If you mean the difference between the top line capital gains vs income tax rates, I generally agree but also understand the math does not.
You could reset realized long term capital gains taxes to match income tomorrow and it would not be a huge material difference in the budget. I am 100% for doing this anyways simply because it’s fucking absurd any professional W2 employee is paying more percentage in taxes vs someone who just happens to have idle cash at hand - but it’s more of a “social contract” thing for me than actual tax policy.
The issue really is tax deferral strategies and wealthy folks being able to consistently find strategies to roll over investment dollars into new investments without ever having their gains be subject to pretty much any tax. Stuff like stock buybacks, tax loss harvesting, 1031 exchanges etc.
I don’t think the “loans against a stock portfolio” tax dodge thing is nearly as large as social media decided to pretend it is - but I am very much in favor of taxing any realized value at regular capital gains rates at the time of realization. This means you will probably need to sell a bit of an asset to pay the taxes - which is the entire point.
Unrealized gains are tricky. I’ve been in a situation as a bootstrapped startup founder where I owed “phantom” tax on money I had not yet realized and ended up taking a loss on years later. Zero ability to recover those taxes paid. It put me into a hole for over half a decade. This gives huge preference to those with existing wealth and makes it even harder for someone with nothing to “come up” without handing out a majority share of their company/idea to idle capital. Especially if you’re just doing regular economy things to create a small business doing boring stuff at single digit net margins.
The common theme behind the avoidance mechanisms is "keeping the gain unrealized." Going after preferential treatment of unrealized gains categorically attacks every single one of these tricks. It nukes the hydra rather than trying to chop off heads one at a time.

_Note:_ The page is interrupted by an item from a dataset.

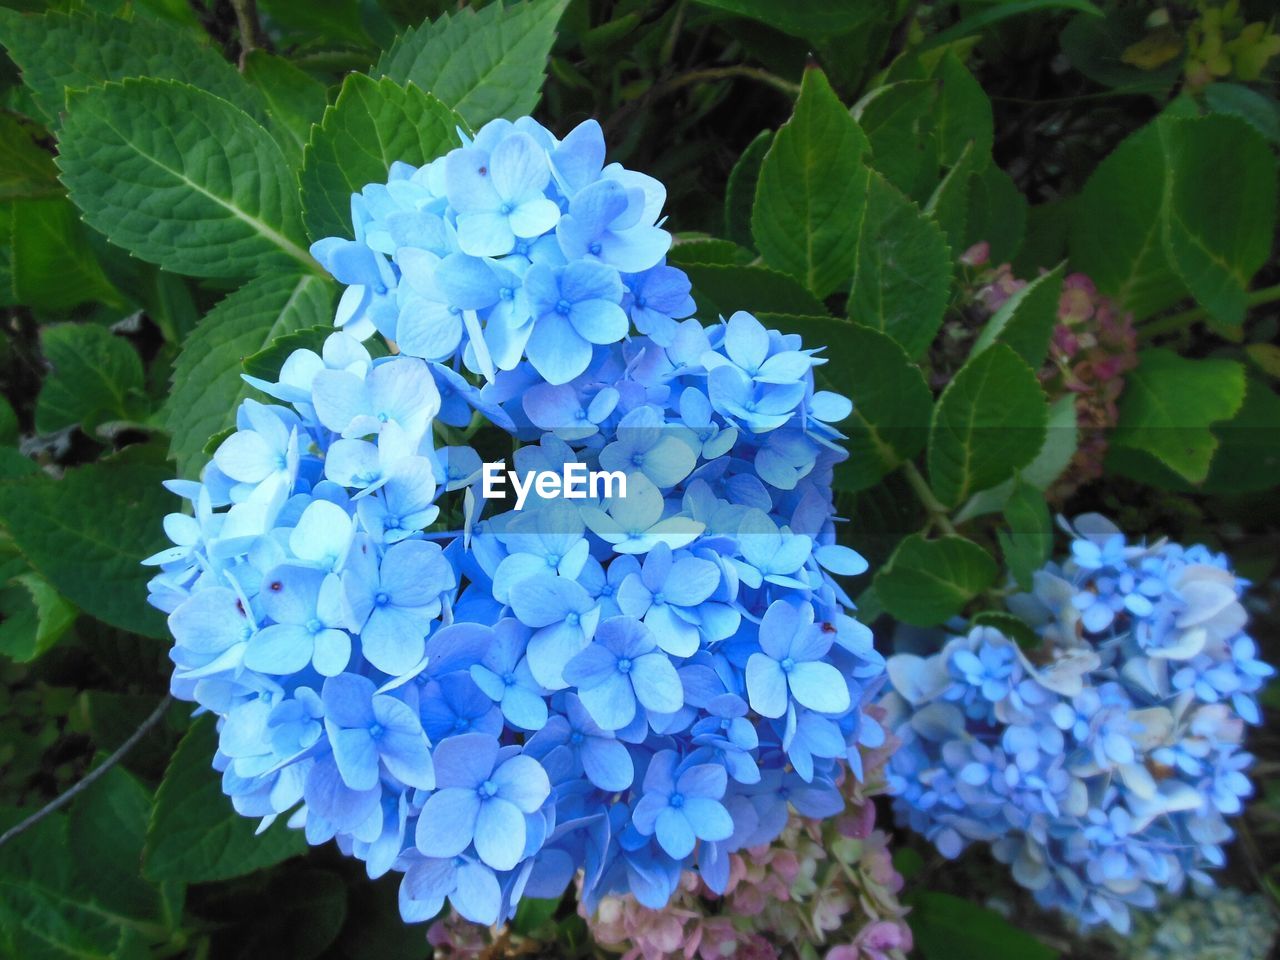 CLOSE-UP OF BLUE HYDRANGEA BLOOMING IN GARDEN
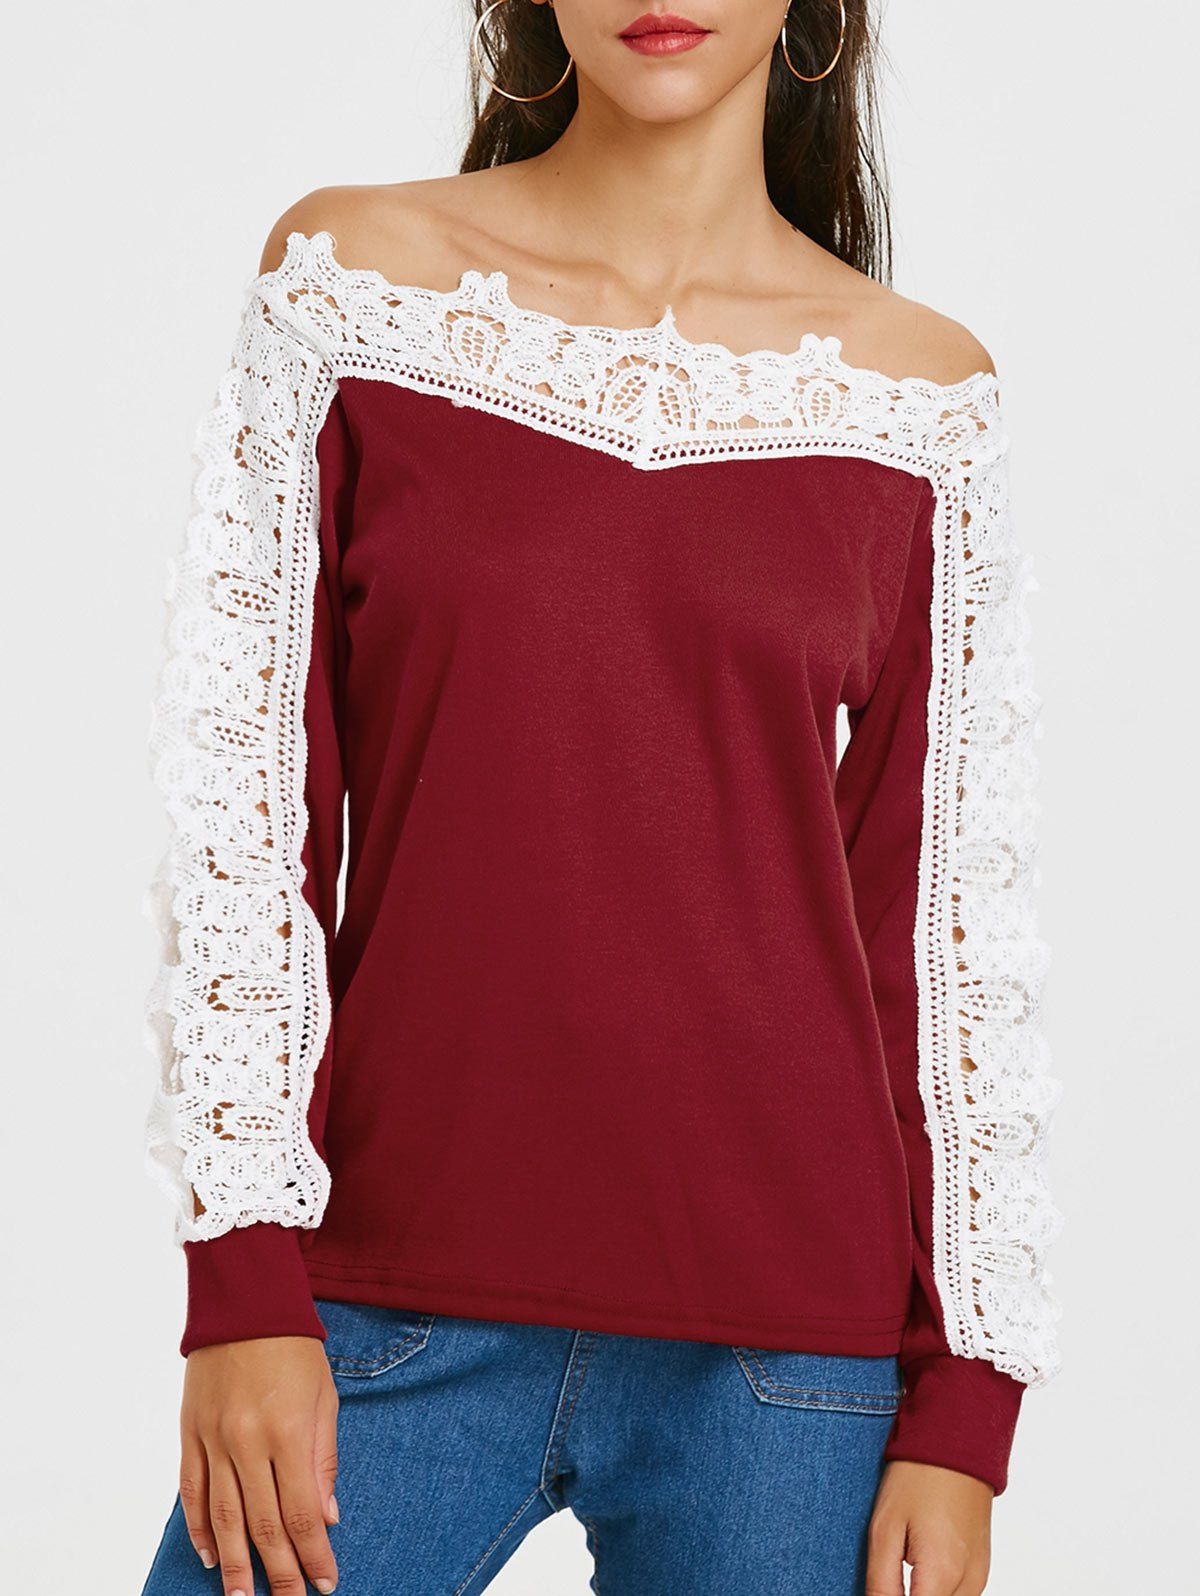 Long Sleeve Openwork Lace Panel T-shirt - WINE RED S

I am of course deeply sympathetic to the "founder scenario," but I'd rather address it specifically than hobble tax collection generally. This could be done by a "payment in-kind" mechanism. If we wanted to steer it towards startups I'm sure the valuation rules could be set to do so, but I'd personally like to aim higher and go for progressive taxation on the basis of market cap to encourage company splitting and competition. Industries with the most dramatic returns-to-scale (semiconductors) could be exempted.
That said, the (in)ability for new founders to self-fund is deeply tied to the same gini coefficient story as the rest of the economy, so policy that addresses the gini story should help bootstrappers as well.